Hoje, a investigação visual de Maria Capelo afigura-se-nos, mais do que nunca, como uma evidência e uma urgência. Hoje, que vivemos com a consciência cada vez mais obsessiva da nossa precariedade – não terá sido essa consciência de nós mesmos enquanto seres finitos que alimentou e trouxe até hoje a prática da pintura quando, segundo todas as predições, deveria ter já perecido? –, o labor lento e convicto da artista, sempre em diálogo com outros criadores (pintores, escritores, cineastas), na boa tradição humanista, evidencia não só o enigma, como a beleza e a tensa fragilidade da nossa existência, num tempo em que mais e mais nos questionamos sobre nós próprios e sobre como chegámos a este ponto.
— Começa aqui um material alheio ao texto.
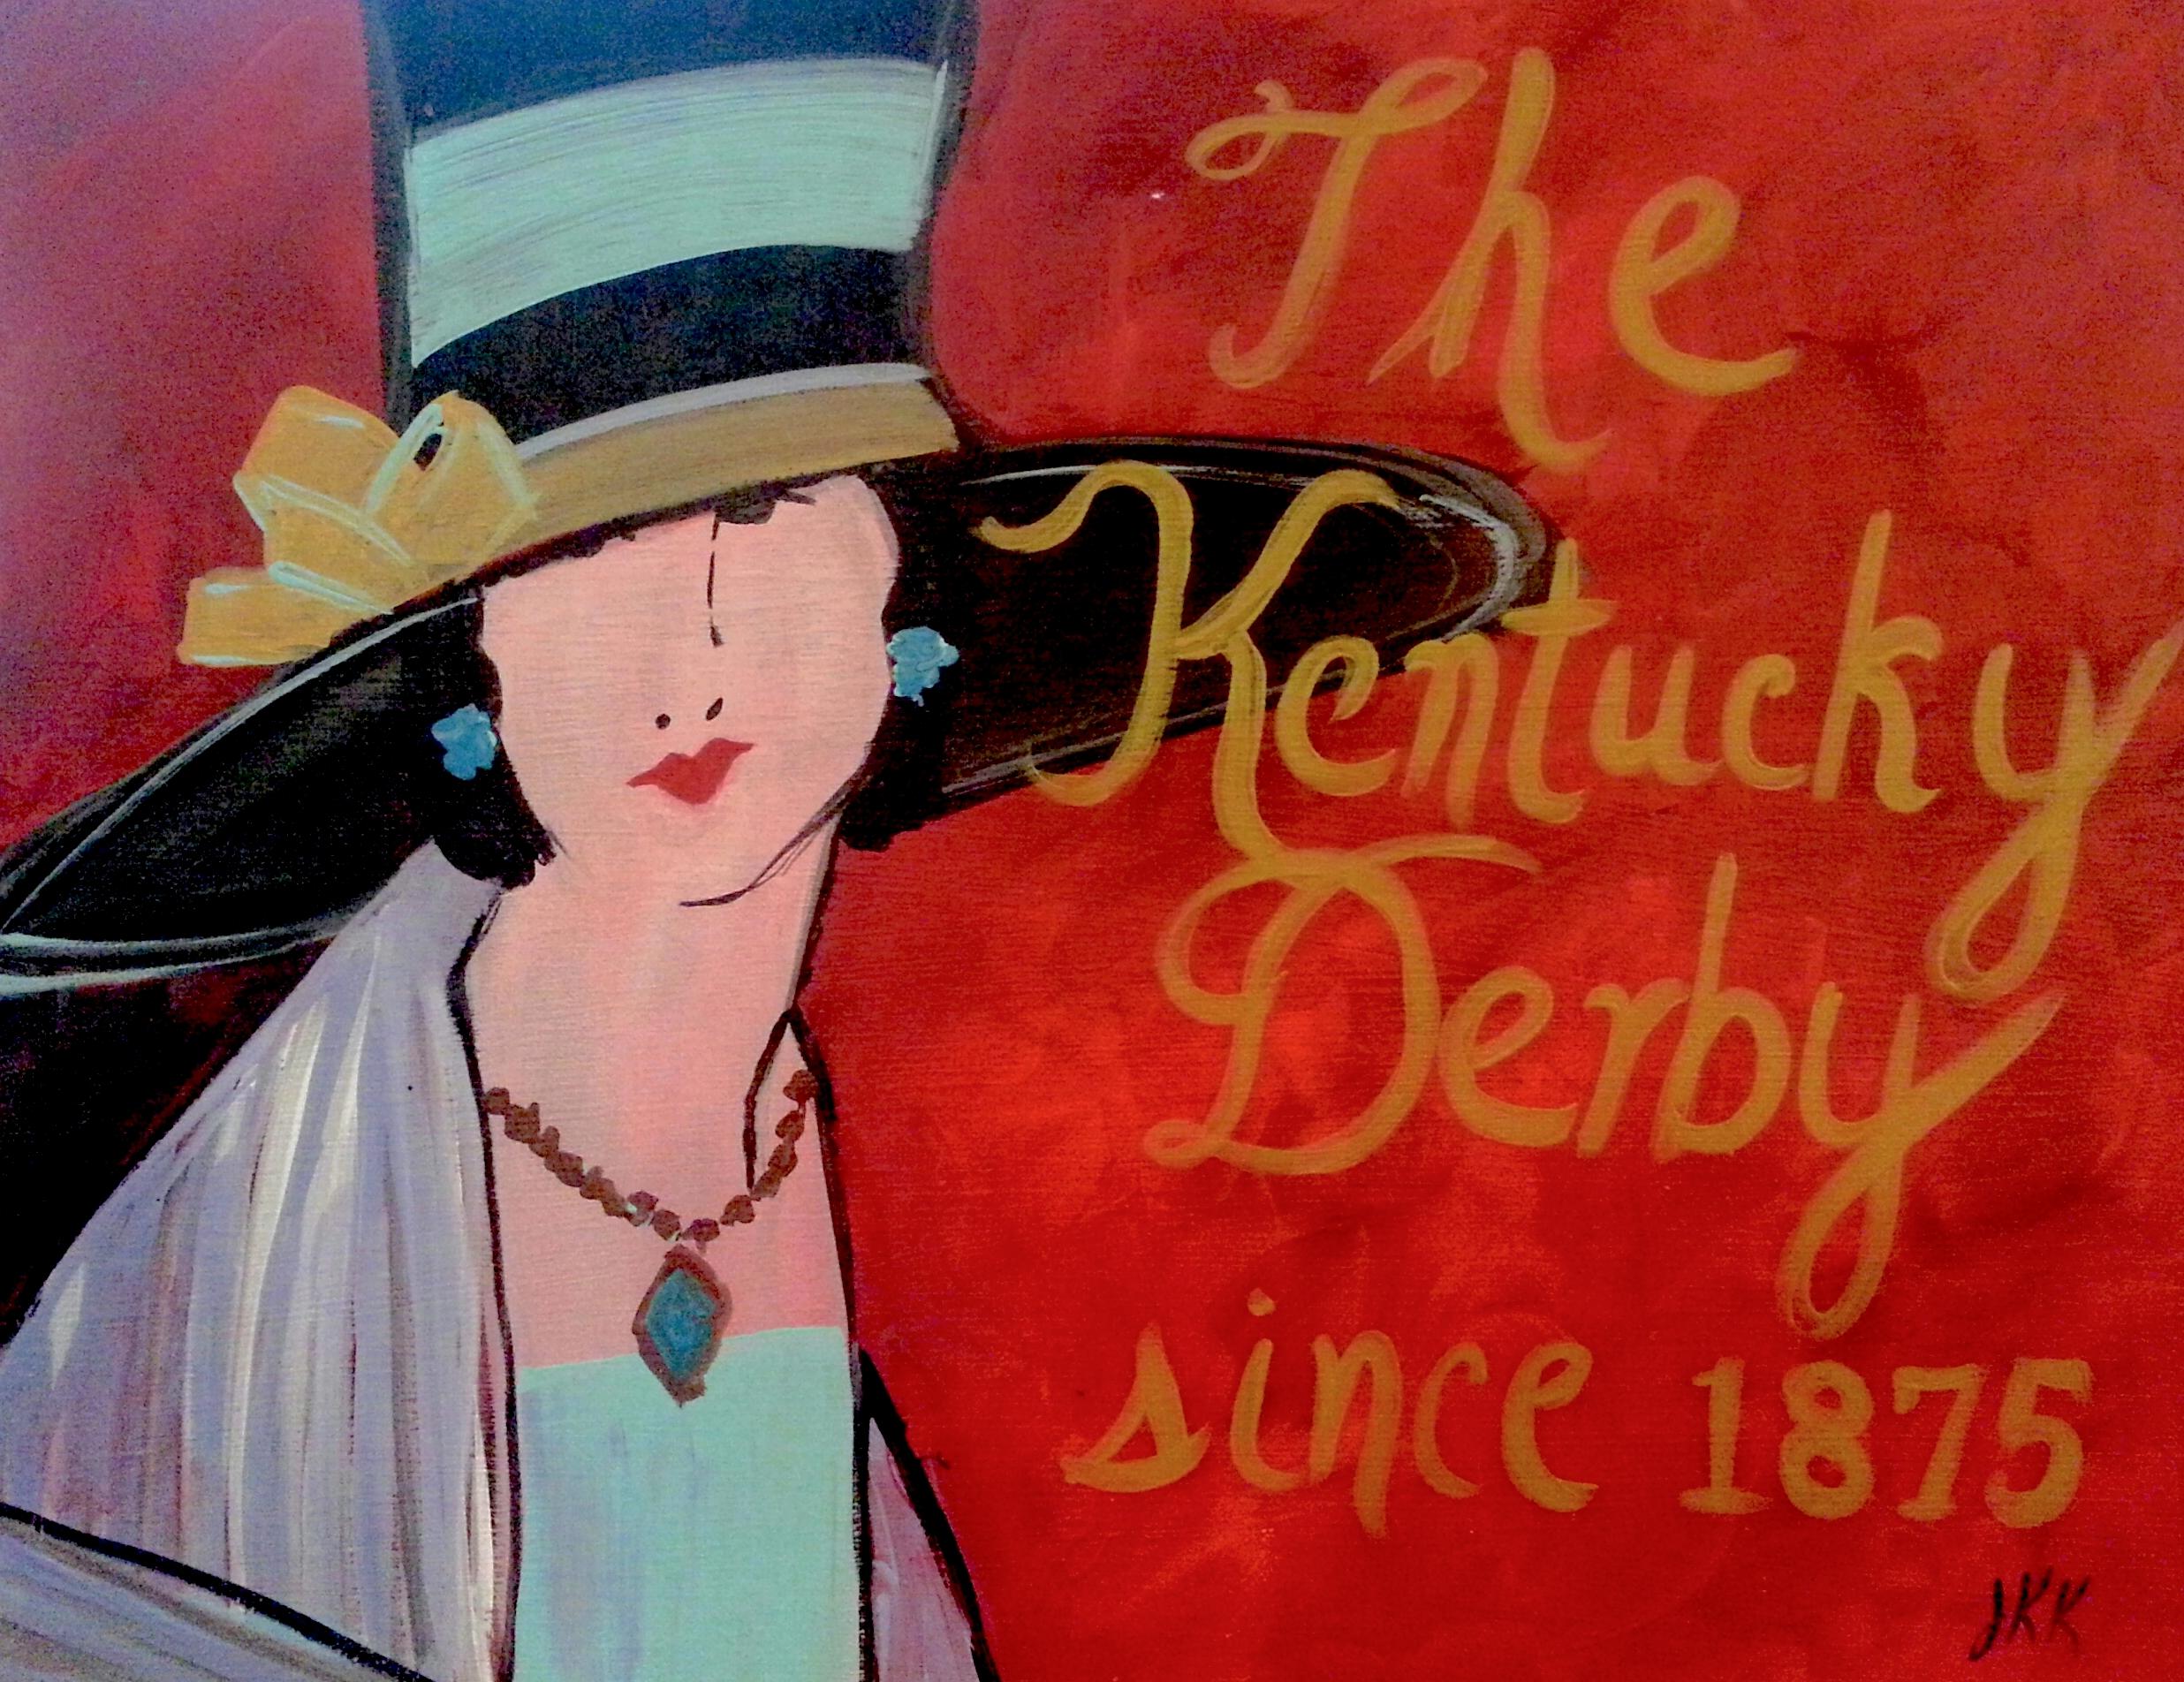 Derby Since 1875.jpg

As pinturas de Maria Capelo agem sobre nós de várias formas, desde logo pela sua escala humana, que convoca uma relação física, corpo-ecrã, com a imagem, ou melhor, com o lugar que a imagem funda, mas também pela complexa relação espacialidade-temporalidade que criam e que se vai insinuando no movimento-tempo, desejavelmente longo, de aproximação do espectador à tela.
A propósito das pinturas presentes na exposição, a artista refere que «as árvores são o princípio de tudo e é à volta delas que surge o espaço na tela. “A palavra paisagem pode substituir-se pela palavra espaço” [ainda Orlando Ribeiro]. Começo por um elemento, depois há um outro que se lhe junta e começam as relações de força entre eles. Quando o espaço já existe, este pode até destruí-las – às árvores – apagá-las ou alterá-las pela mudança de escala, da luz ou com a cor, mas sem elas ele não existiria. Não há um projeto delineado à partida, nem sequer um esboço na tela. Com o vocabulário que vou reunindo (árvores, arbustos, caminhos) vou compondo tudo, pouco a pouco, num trabalho lento e paciente».
Como diz Maria Capelo: «Não se deve perder o pé do mundo à nossa volta, senão vai-se o mistério».
Como diz Kafka: «Na luta entre ti e o mundo, apoia o mundo.»
Nuno Faria
* Texto publicado no catálogo da exposição Tudo o que eu quero – Artistas portuguesas de 1900 a 2020.